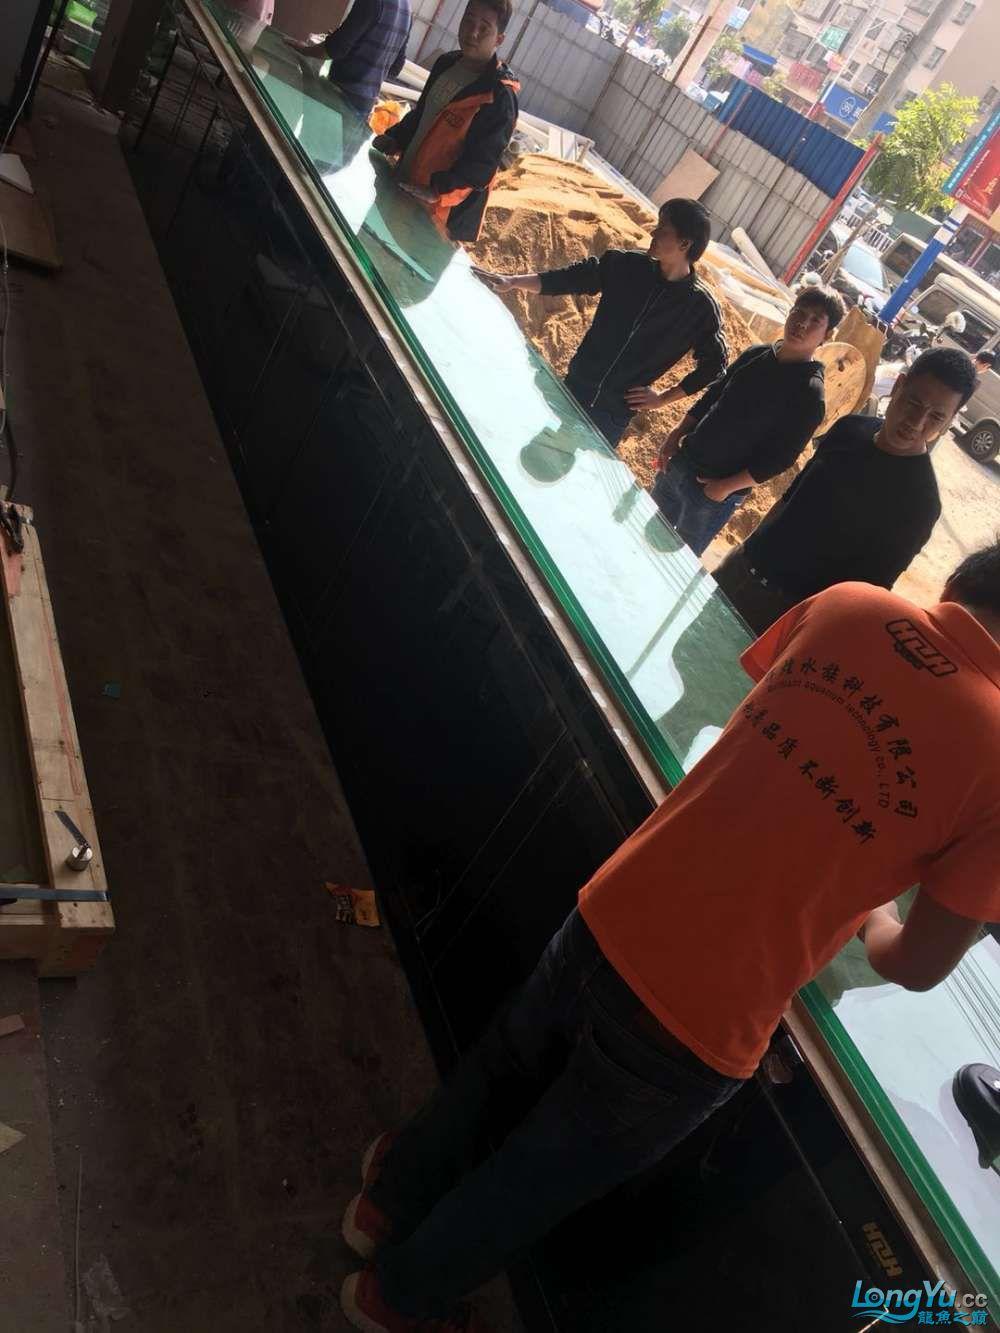 延安鱼缸水族箱批发辉煌水族7米鱼缸上缸1300现场制作过程多图慎完工 延安观赏鱼 延安龙鱼第37张
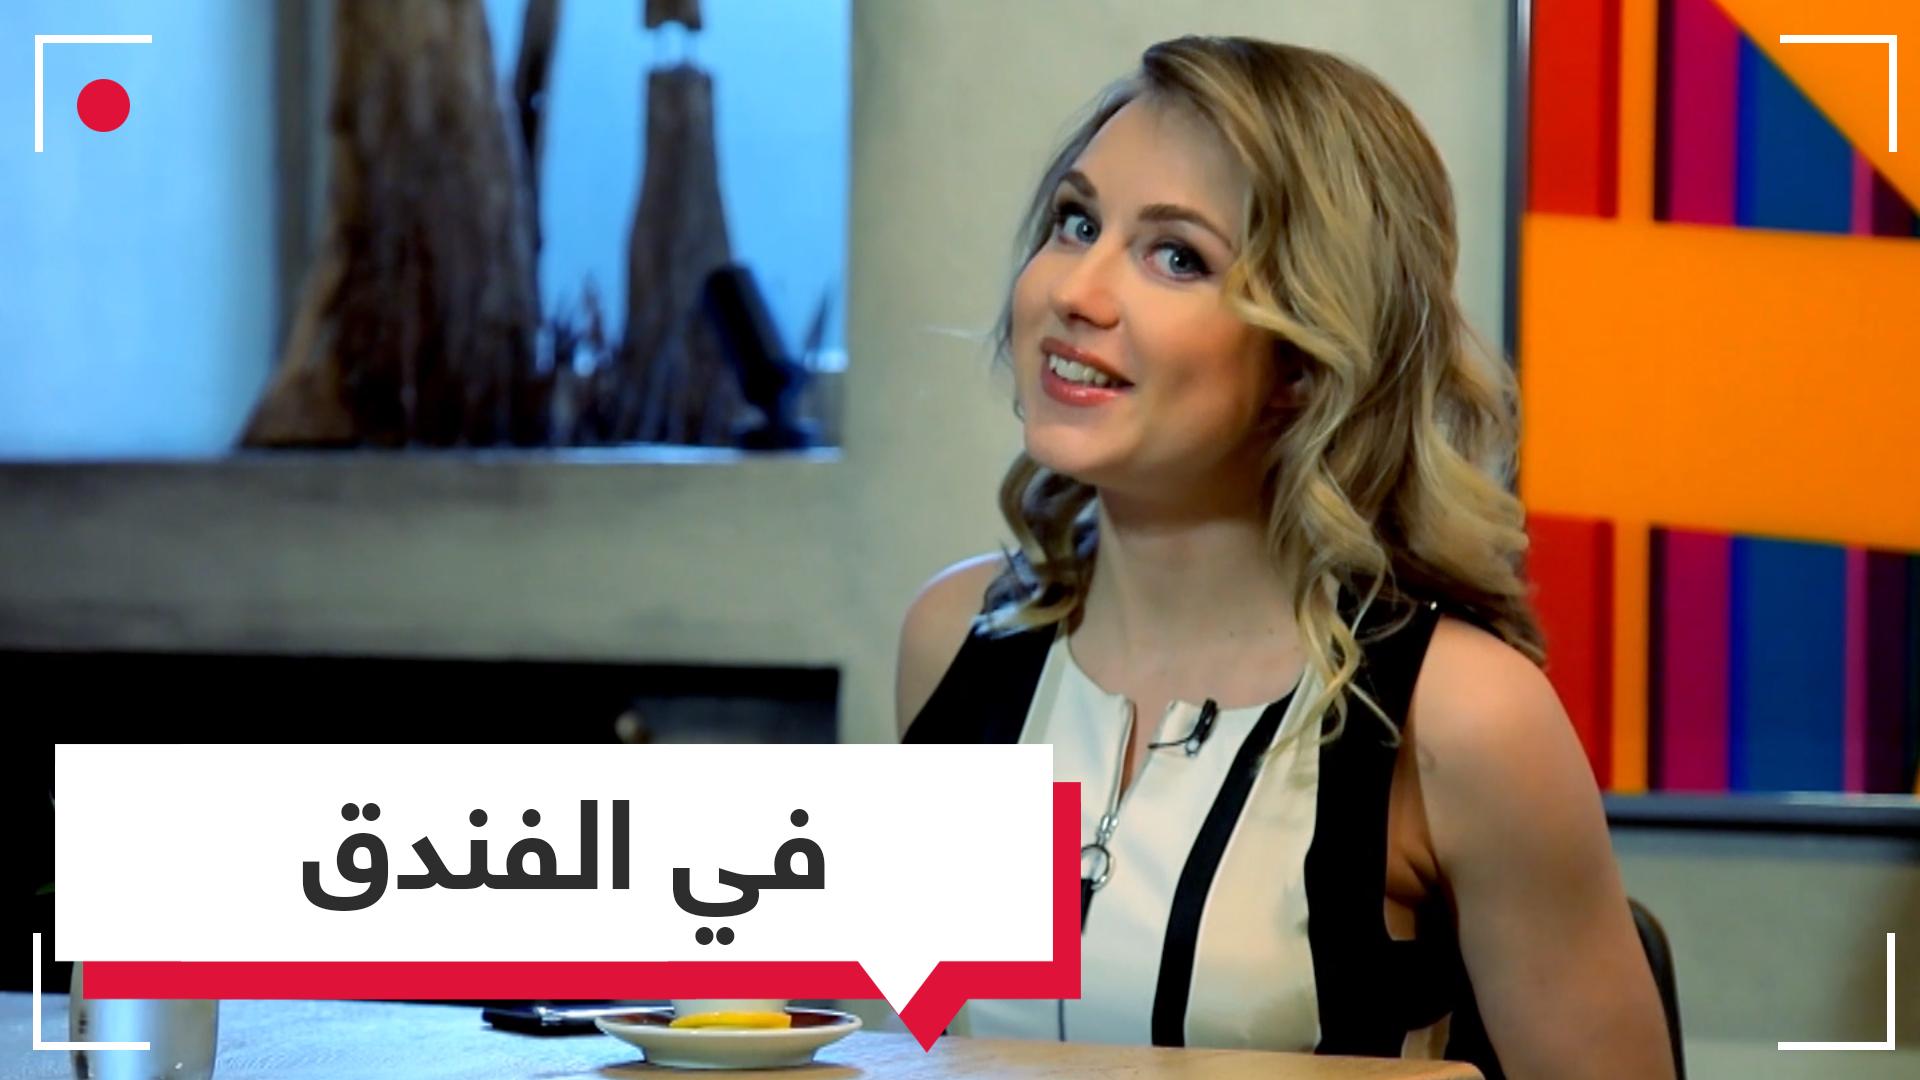 ضيف عربي واللغة الروسية... هل سينجح في استخدامها في حجز غرفة بفندق؟
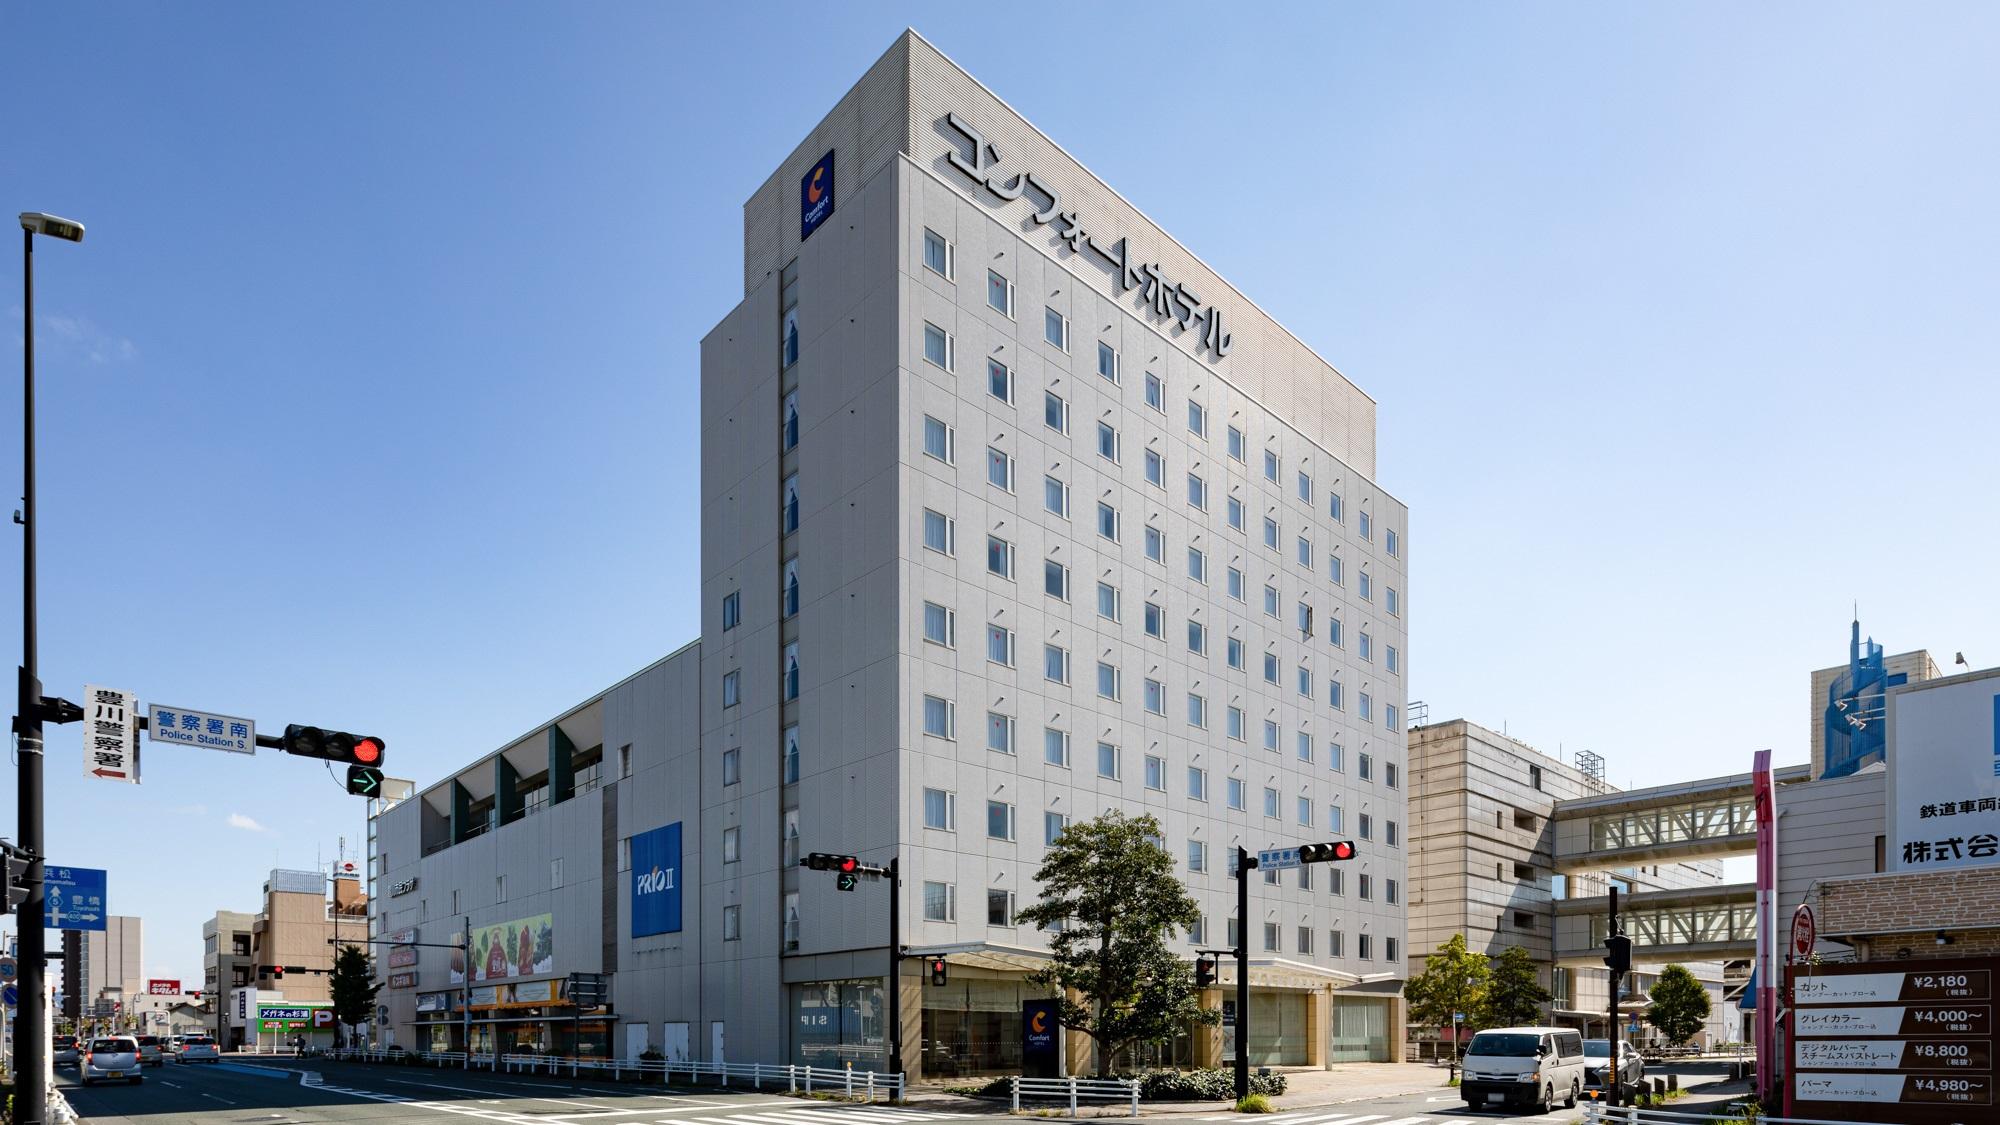 コンフォート ホテル 豊川◆楽天トラベル
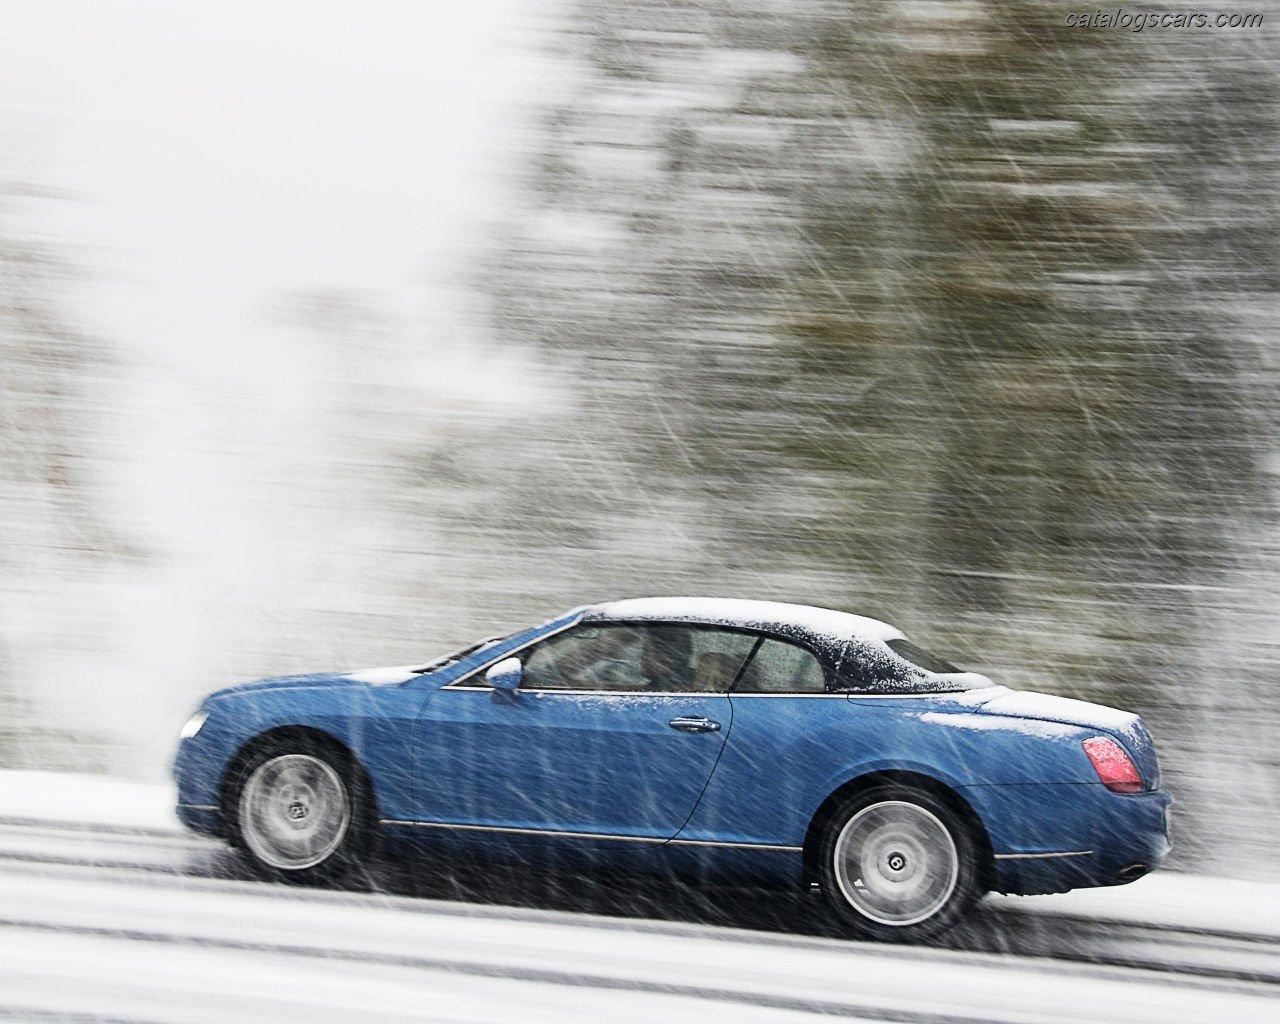 صور سيارة بنتلى كونتيننتال جى تى سى 2012 - اجمل خلفيات صور عربية بنتلى كونتيننتال جى تى سى 2012 - Bentley Continental Gtc Photos Bentley-Continental-Gtc-2011-01.jpg

Requirement ▸ Once the pictures are dropped, repeat the data above exactly.

Expected answer ▸
 延安鱼缸水族箱批发辉煌水族7米鱼缸上缸1300现场制作过程多图慎完工 延安观赏鱼 延安龙鱼第37张
 ضيف عربي واللغة الروسية... هل سينجح في استخدامها في حجز غرفة بفندق؟
 コンフォート ホテル 豊川◆楽天トラベル
 صور سيارة بنتلى كونتيننتال جى تى سى 2012 - اجمل خلفيات صور عربية بنتلى كونتيننتال جى تى سى 2012 - Bentley Continental Gtc Photos Bentley-Continental-Gtc-2011-01.jpg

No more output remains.